Heb jij dit seizoen al afgebeld ?

“Eén keer. Enkele weken geleden, omdat ik wat last had van mijn hamstring.”

Je bent zowaar een modelprof geworden.

“Ik besef dat je als profvoetballer weinig reden tot klagen hebt, terwijl er mensen zijn die van ’s morgens tot ’s avonds in een fabriek moeten werken.”

Je moeder is poetsvrouw, je vader landbouwmecanicien. Dat helpt om de luxe van het voetballersbestaan te relativeren ?

“Die bescheidenheid zit er ingebakken.”

Je zou natuurlijk ook extra kunnen profiteren van de weelde die je nu te beurt valt.

“Dat zit niet in de West-Vlaamse mentaliteit. Bij de nationale beloften zie je dat ook : de West-Vlamingen vallen wat uit de toon. Wij pronken niet graag met ons geld. Wij zullen eerder investeren in een huis en dan pas in een wagen,”

Met welke wagen rij jij ?

“Een Renault Clio van de club.”

Bij de beloften word je geconfronteerd met jongens van jouw leeftijd die bij Ajax, Rijsel en Fiorentina spelen. Hoe sta je daartegenover als jeugdproduct van Cercle Brugge ?

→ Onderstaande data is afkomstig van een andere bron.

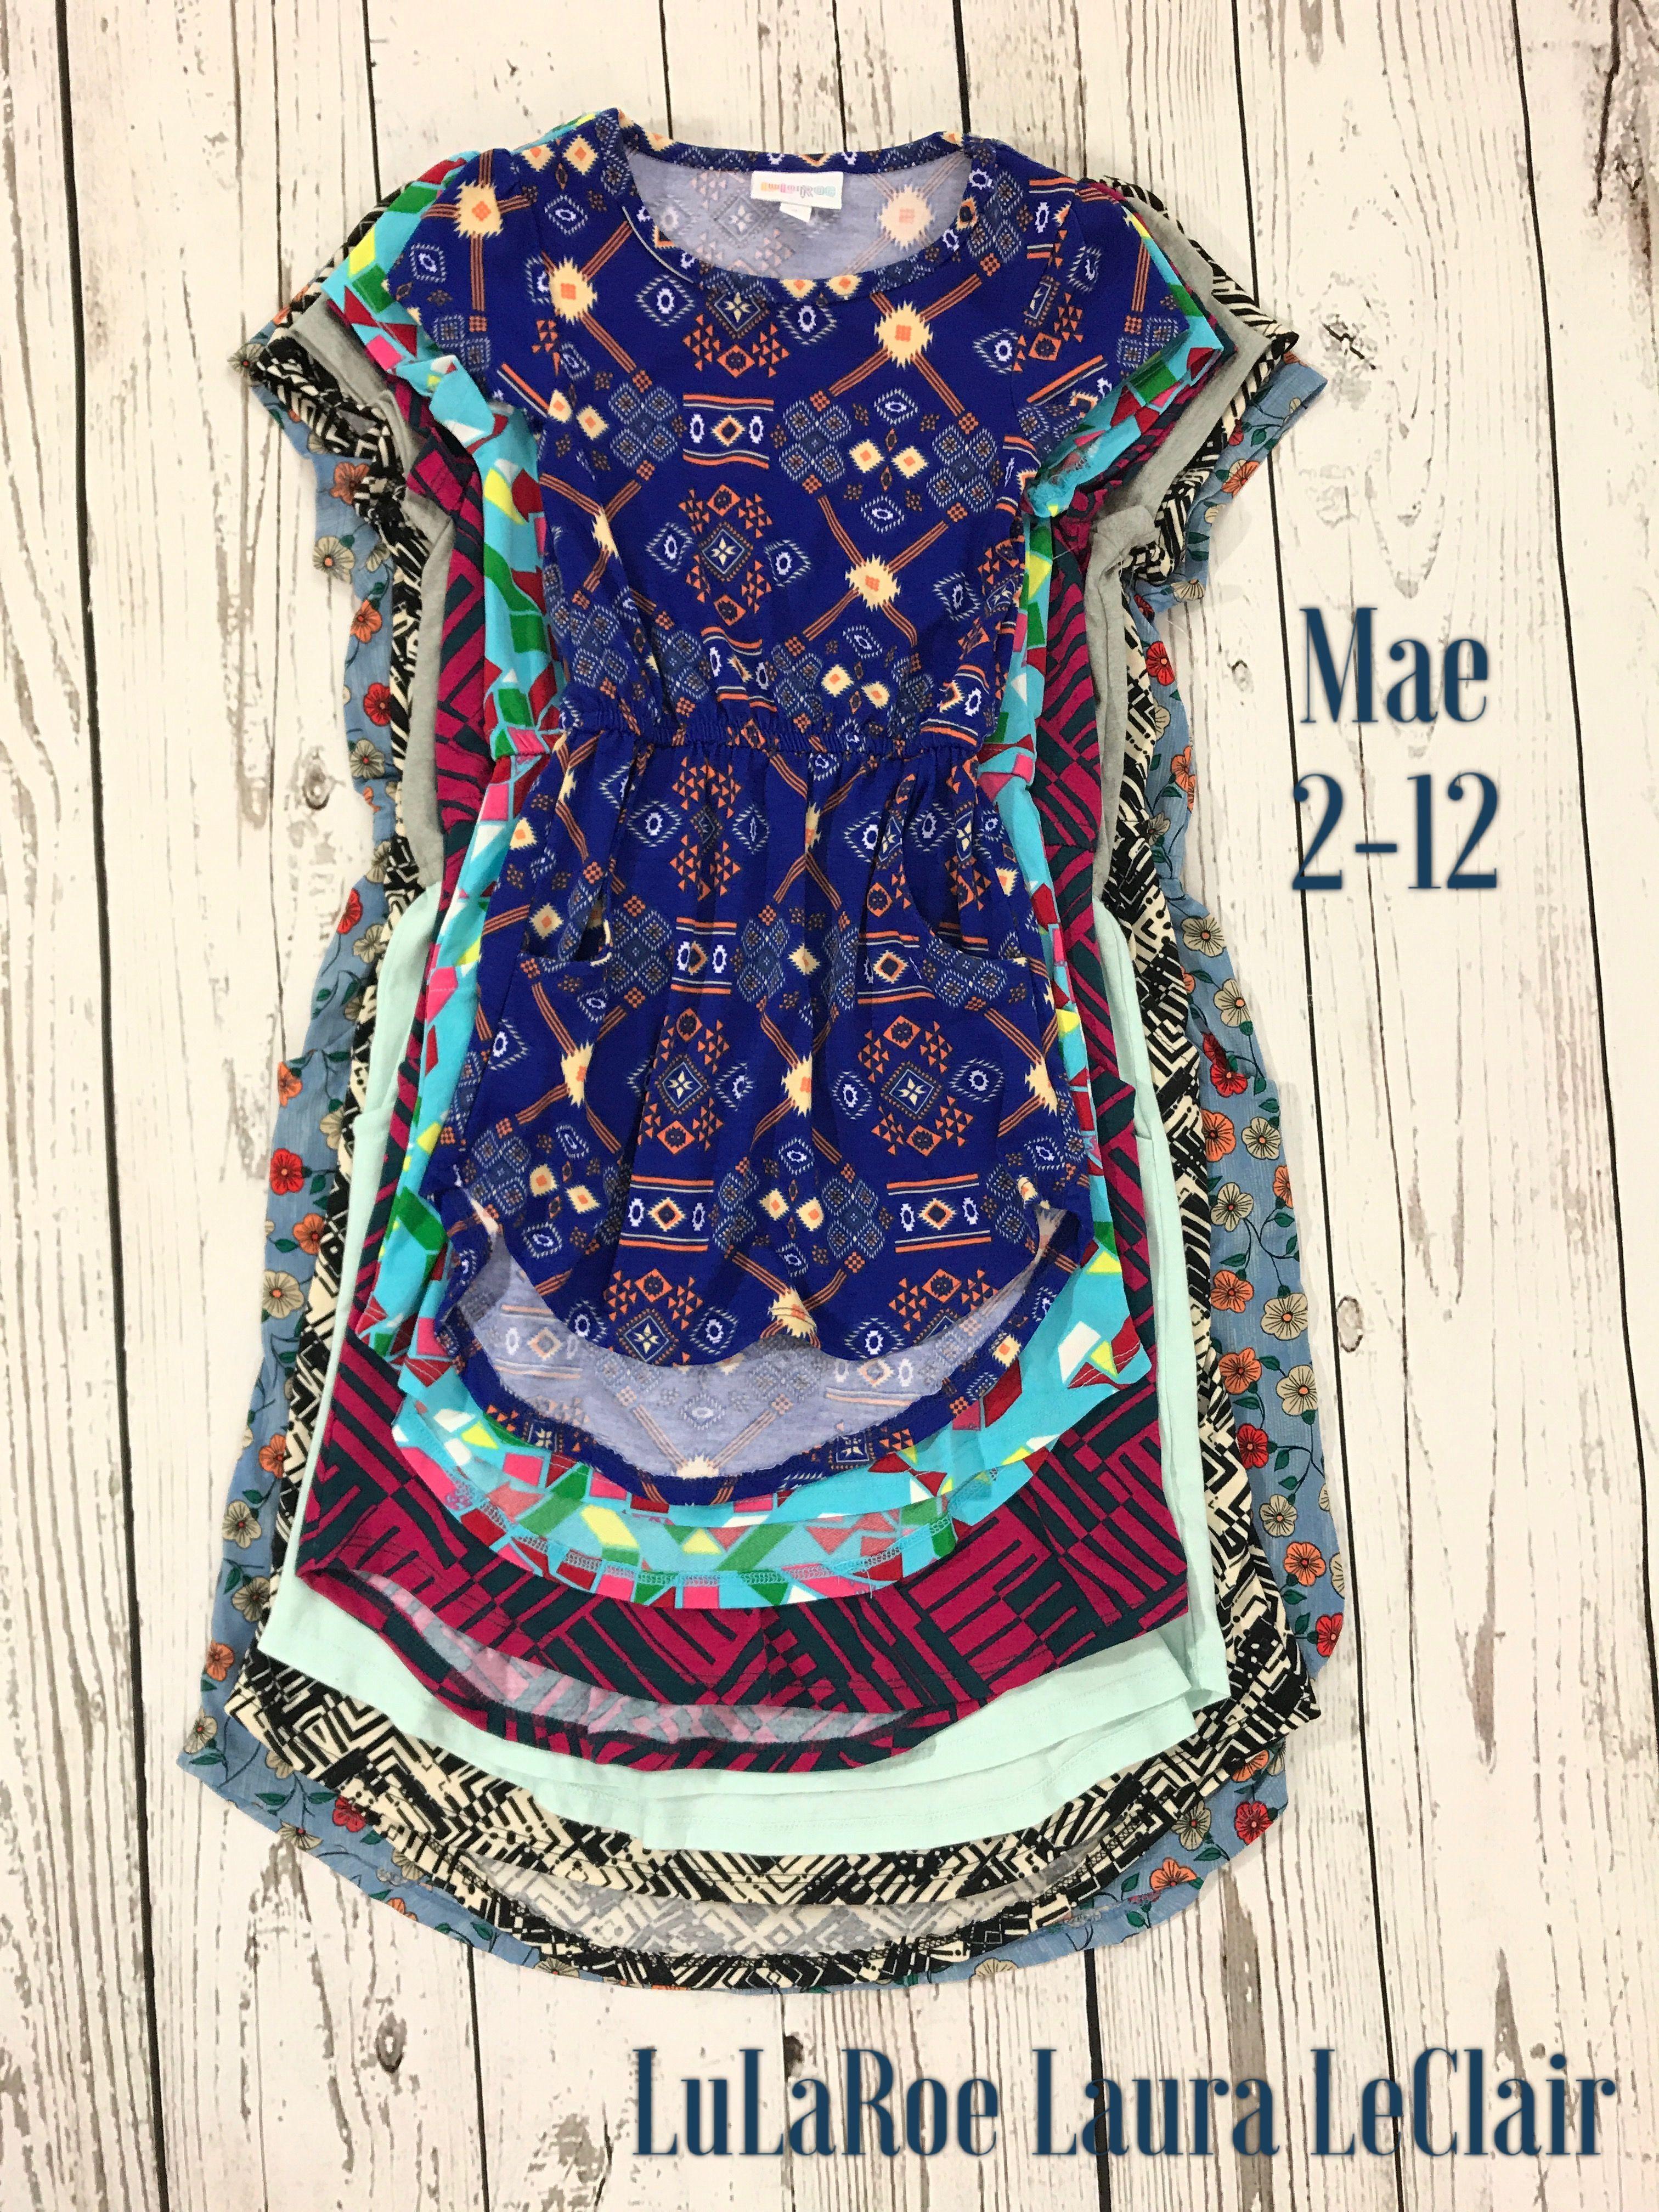 ec15f1151e0 LuLaRoe kids Mae dress sizes 2-12 size comparisons

“In het begin keek je daar wel naar op, maar ondertussen vormen we al zolang dezelfde groep dat ik die jongens goed genoeg ken. Ook met de Walen heb ik een goed contact. Ik las onlangs een commentaar van Ibrahim Maaroufi dat de communautaire problemen bij de Belgen hem voor Marokko hebben doen kiezen, maar ik vraag me af waar hij dat haalt. Volgens mij was hij gewoon ontgoocheld dat hij niet opgeroepen werd voor het EK -21 in Nederland.”

West-Vlaamse boerenjongen

Vroeger had je Walter Mortelmans als makelaar. Nadat je hem aan de deur zette, verklaarde je dat je zonder kon. Ondertussen heb je met Guy Bonny toch weer een nieuwe zaakwaarnemer. Heb je ingezien hoe de voetbalwereld in elkaar zit ?

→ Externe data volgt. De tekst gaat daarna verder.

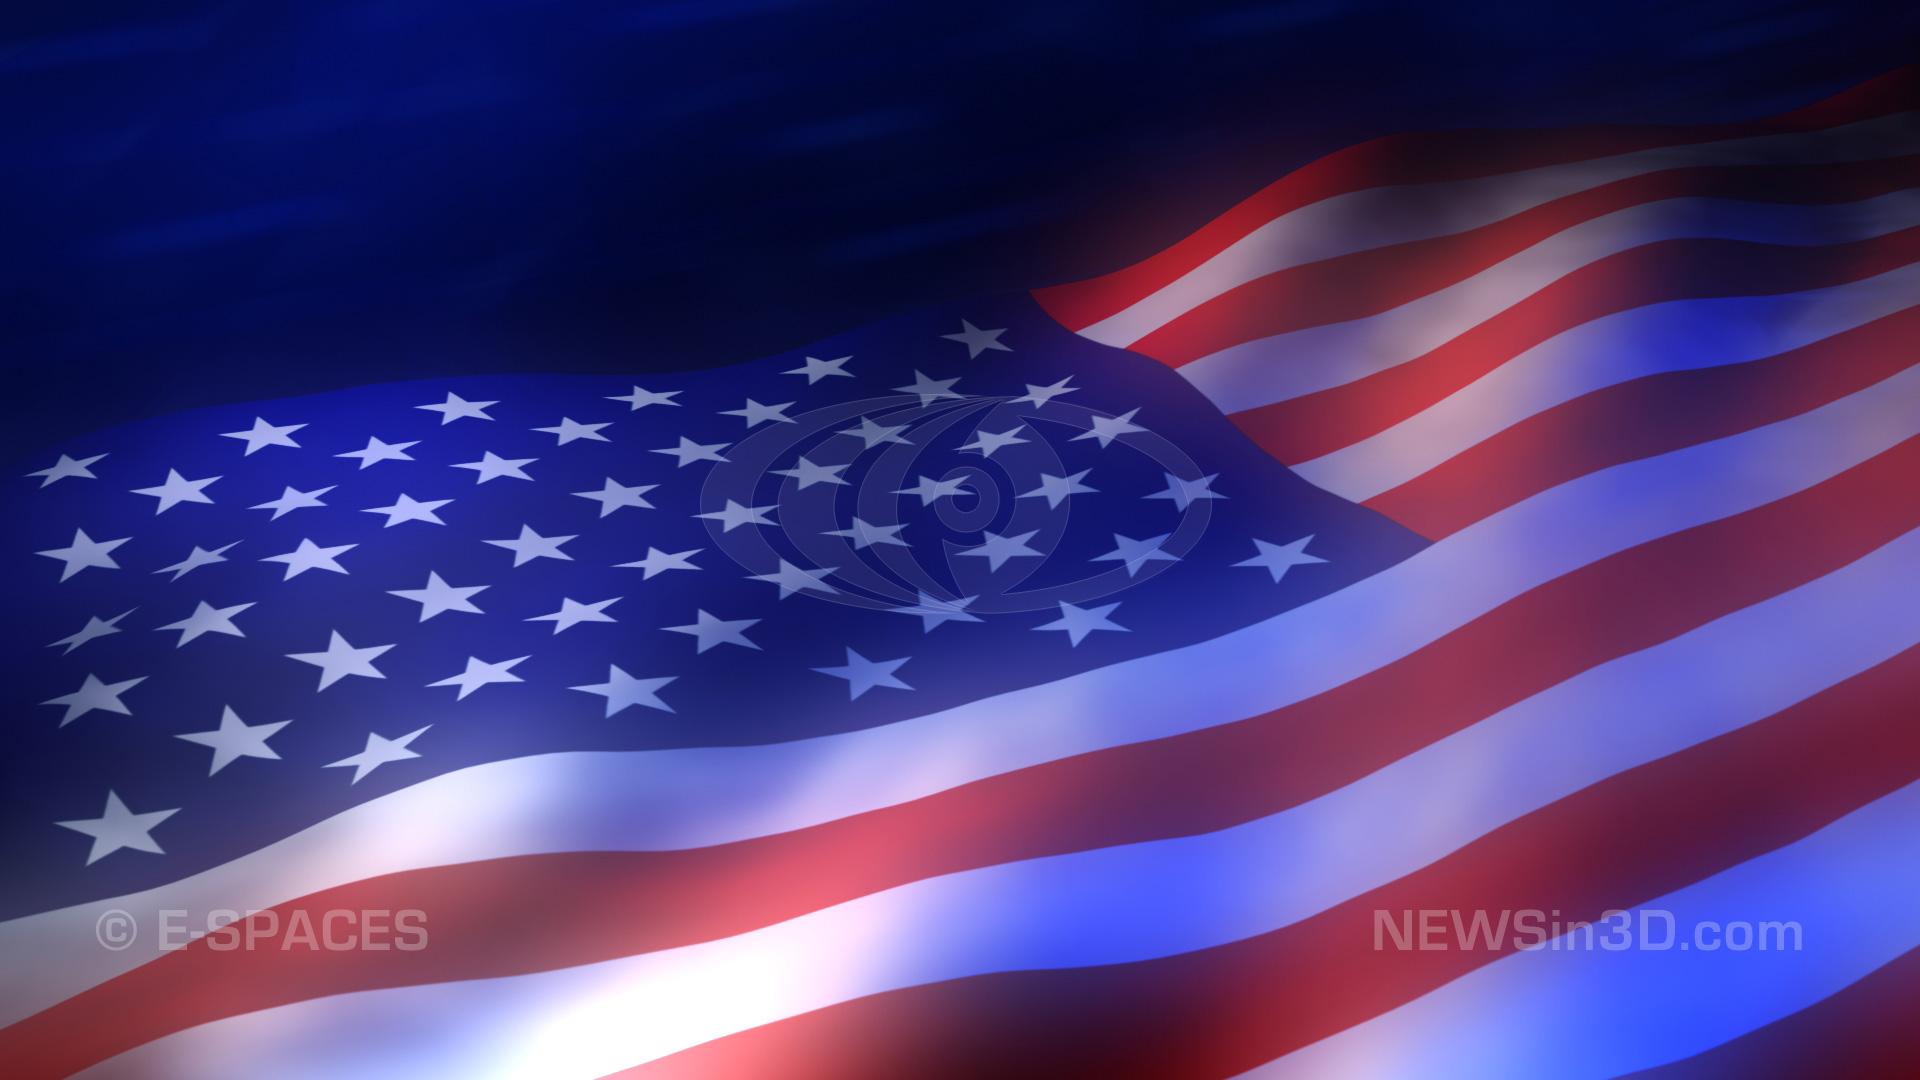 American Flag Background wallpaper   126848 1920x1080

“Uiteindelijk kunnen makelaars veel voor je doen. Zij kunnen een beter contract voor je uit de brand slepen of ervoor zorgen dat je een mooie woonst toebedeeld krijgt.”

Zou jij zoals Nicolas Lombaerts voor een lucratief bod uit Rusland kiezen, ver weg van je vertrouwde omgeving ?

“Ik denk het wel. Dan bijt je op je tanden en kijk je wat vaker naar je bankrekening om je op te monteren.”

Zei de West-Vlaamse volksjongen …

“West-Vlaamse boerenjongen ! Zo zeggen ze dat hier toch. ( lacht) Ik probeer tegen iedereen vriendelijk te zijn, ook wanneer vreemden je aanspreken op straat. Ik ken voetballers die doen alsof ze je niet gehoord hebben en de supporters gewoon voorbijlopen. Ik denk niet dat je me ooit zal betrappen op hautain gedrag. Hoop ik.”

Op je twaalfde kon je naar Anderlecht. Denk je daar ooit aan terug : hoe het had kúnnen zijn ?

“Soms. Het voordeel bij Cercle is dat je kansen krijgt en rustig ervaring kan opdoen. Ik vond Brussel ook te ver. Ik moest er in een pleeggezin verblijven. Eigenlijk heb ik die optie nooit echt overwogen. Als ik zie dat Maarten Martens niet eens kon doorbreken bij Anderlecht … Maarten is een van de grootste talenten van België. Hij zou momenteel zeker niet misstaan bij Anderlecht.”

Je bent volwassen geworden, beweerde Harm van Veldhoven vorig seizoen. Wat houdt dat in volgens jou ?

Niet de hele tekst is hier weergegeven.